(Records)

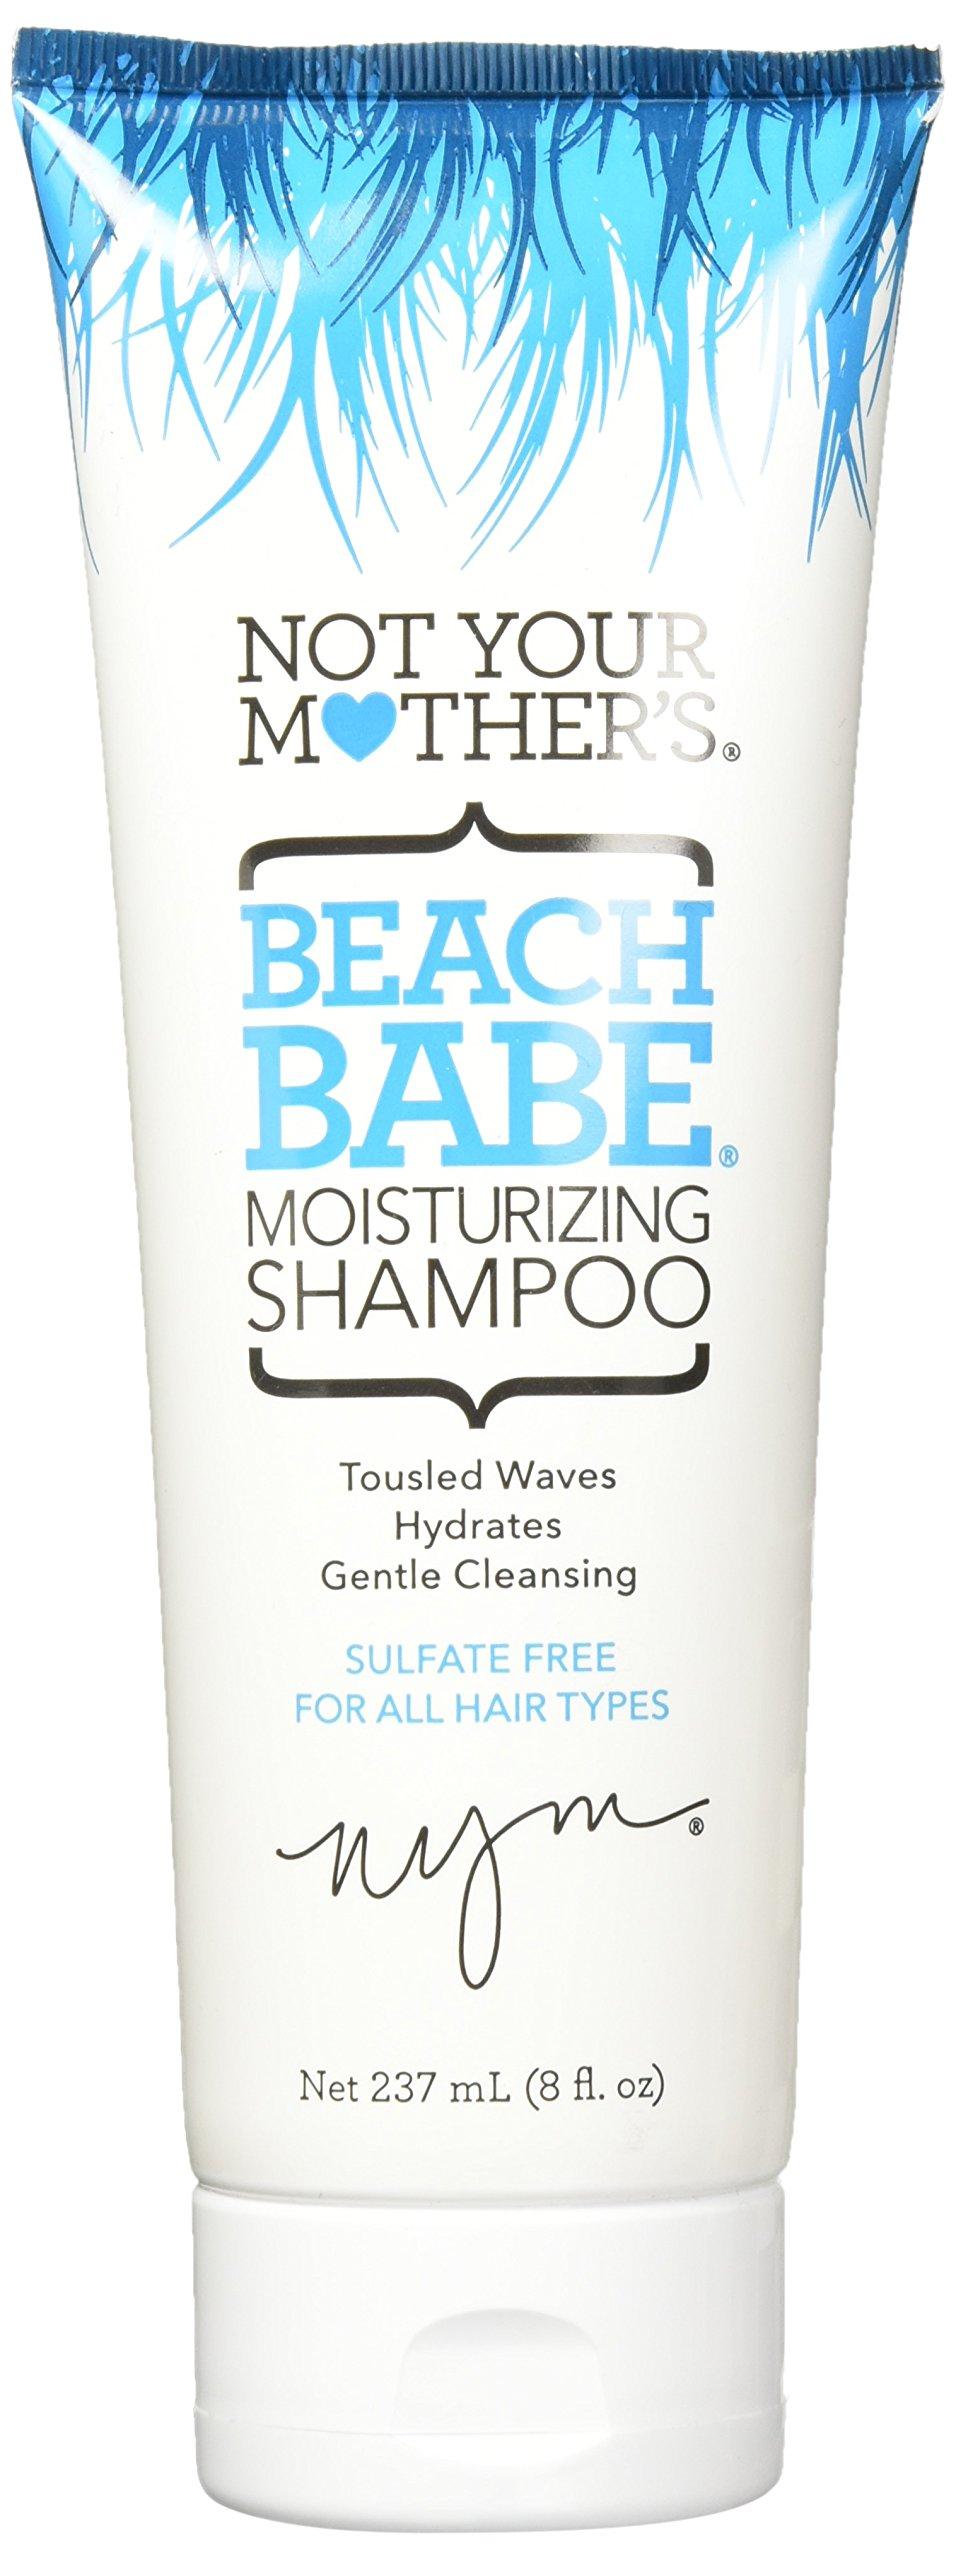 Not Your Mothers Shampoo Beach Babe Moisturizing 8 Ounce (235ml)
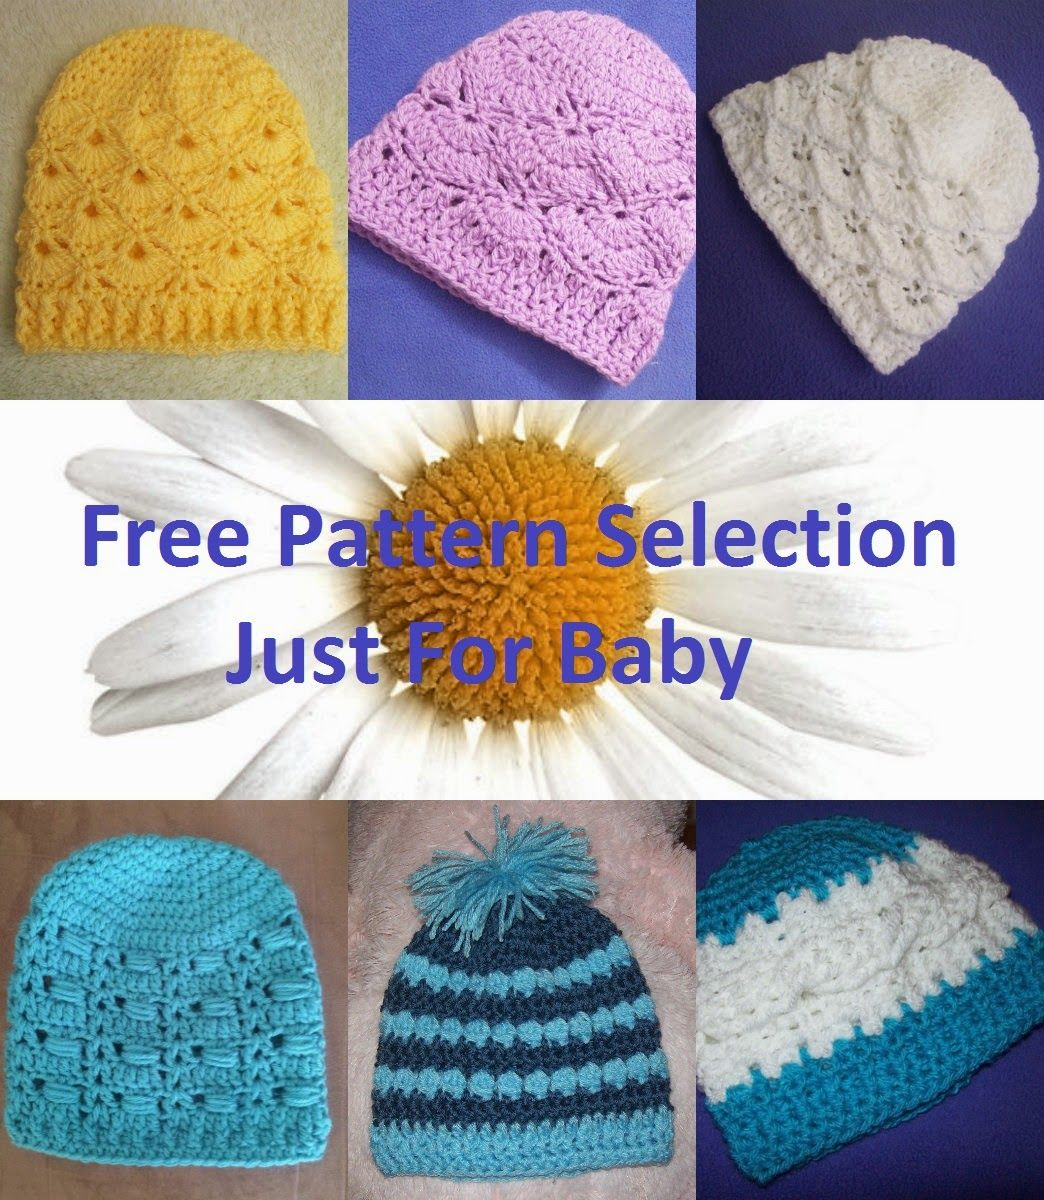 Free Crochet Hat Patterns Just For Baby | Häkelmützenmuster ...
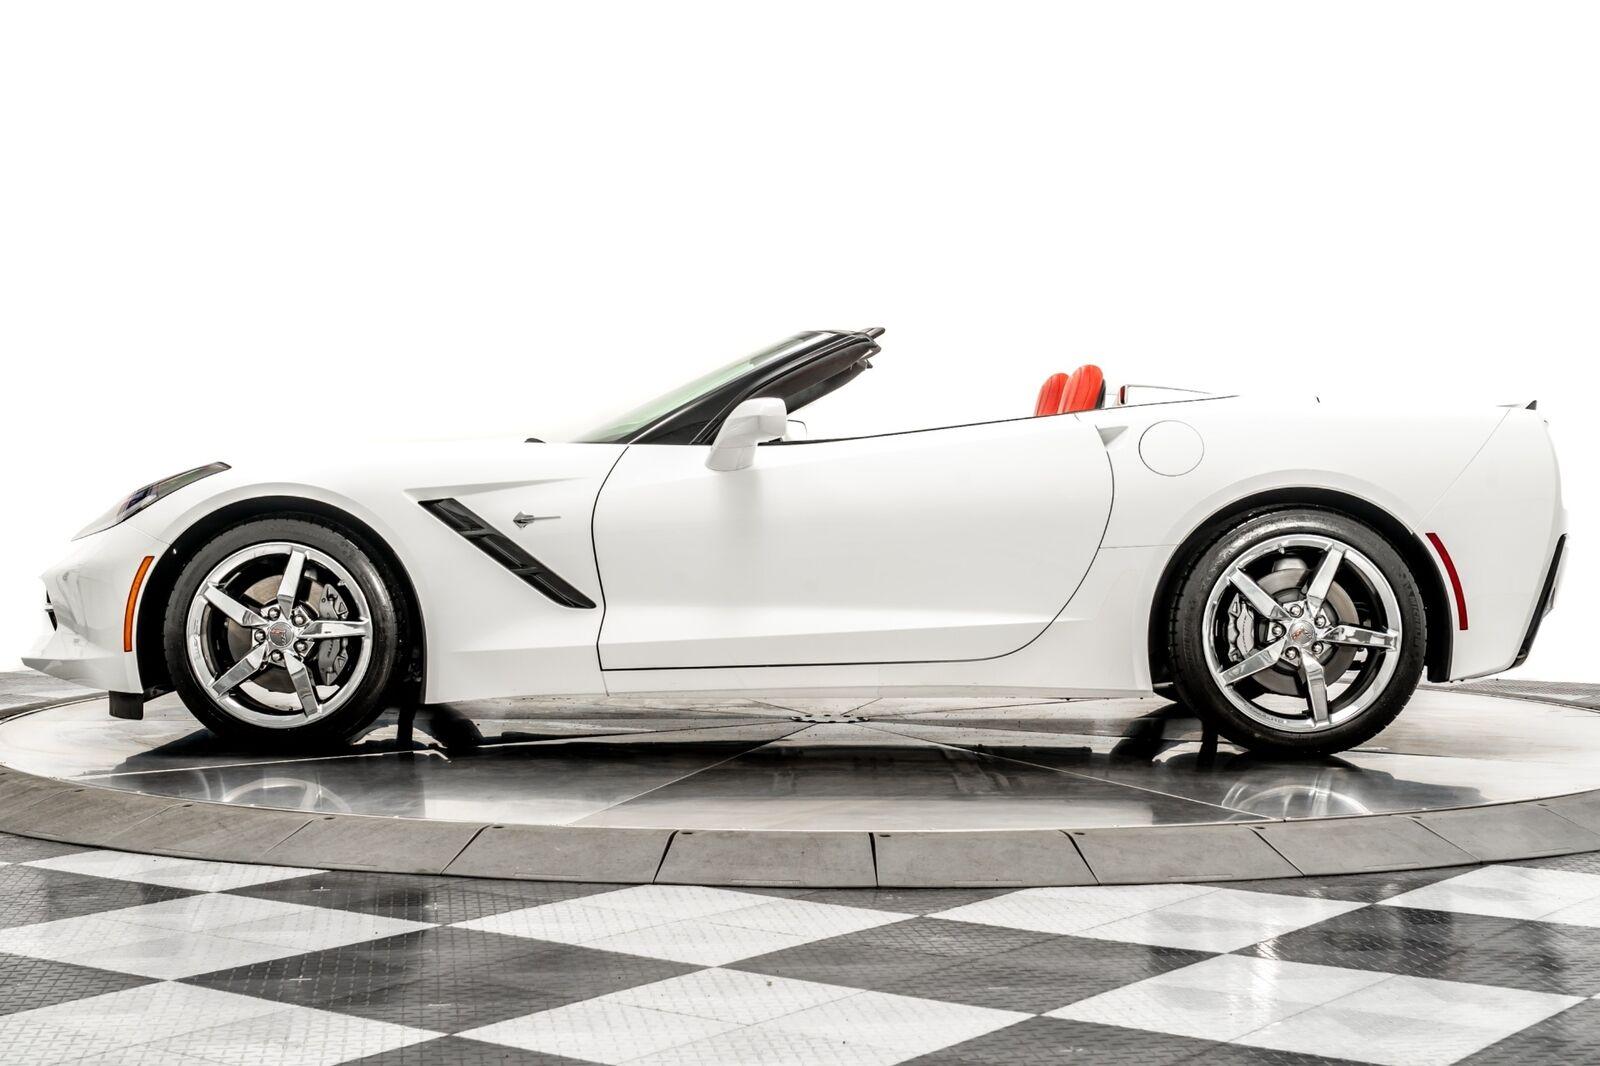 2015 White Chevrolet Corvette Convertible 3LT   C7 Corvette Photo 5
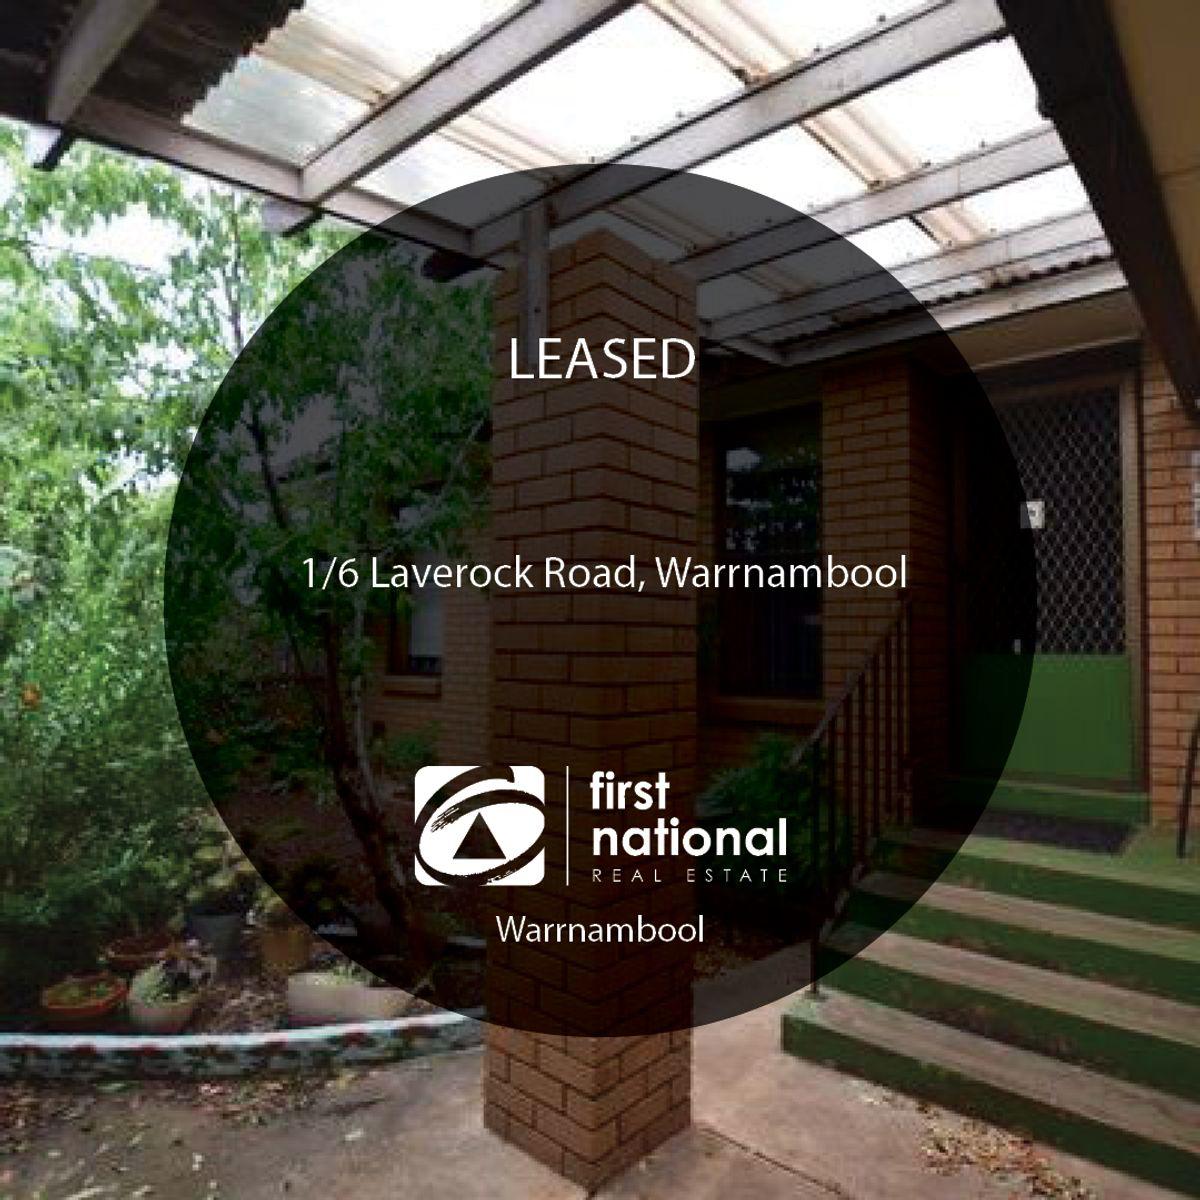 1/6 Laverock Road, Warrnambool, VIC 3280
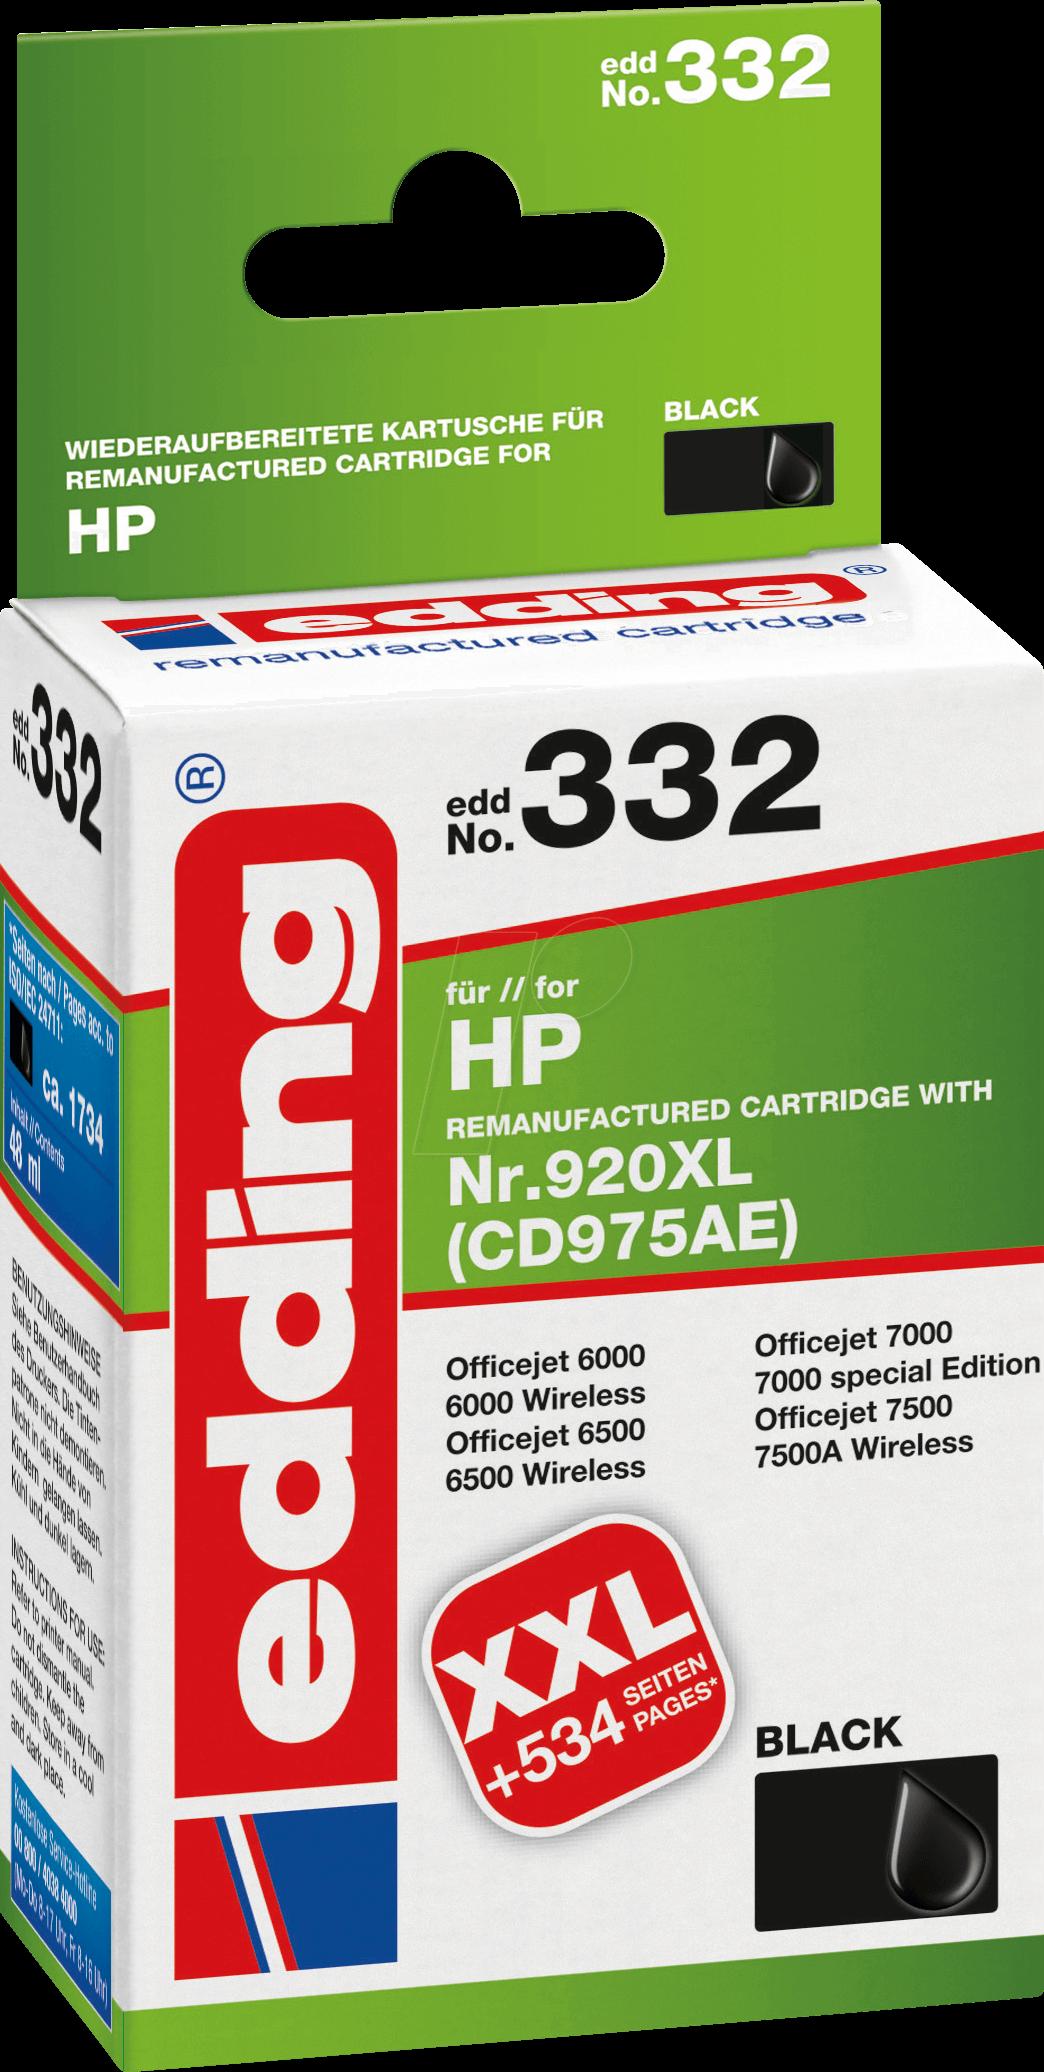 EDDING EDD-332 - Tinte - HP - schwarz - HP920XL...

(End Records)

**Problem to work on**
Retype the lines exactly. Begin at the one that holds "Free Crochet Hat", stop at the last line of the entries above, and drop the pictures.

**Exercise solution**
 Free Crochet Hat Patterns Just For Baby | Häkelmützenmuster ...
 2015 White Chevrolet Corvette Convertible 3LT   C7 Corvette Photo 5
 1/6 Laverock Road, Warrnambool, VIC 3280
 EDDING EDD-332 - Tinte - HP - schwarz - HP920XL...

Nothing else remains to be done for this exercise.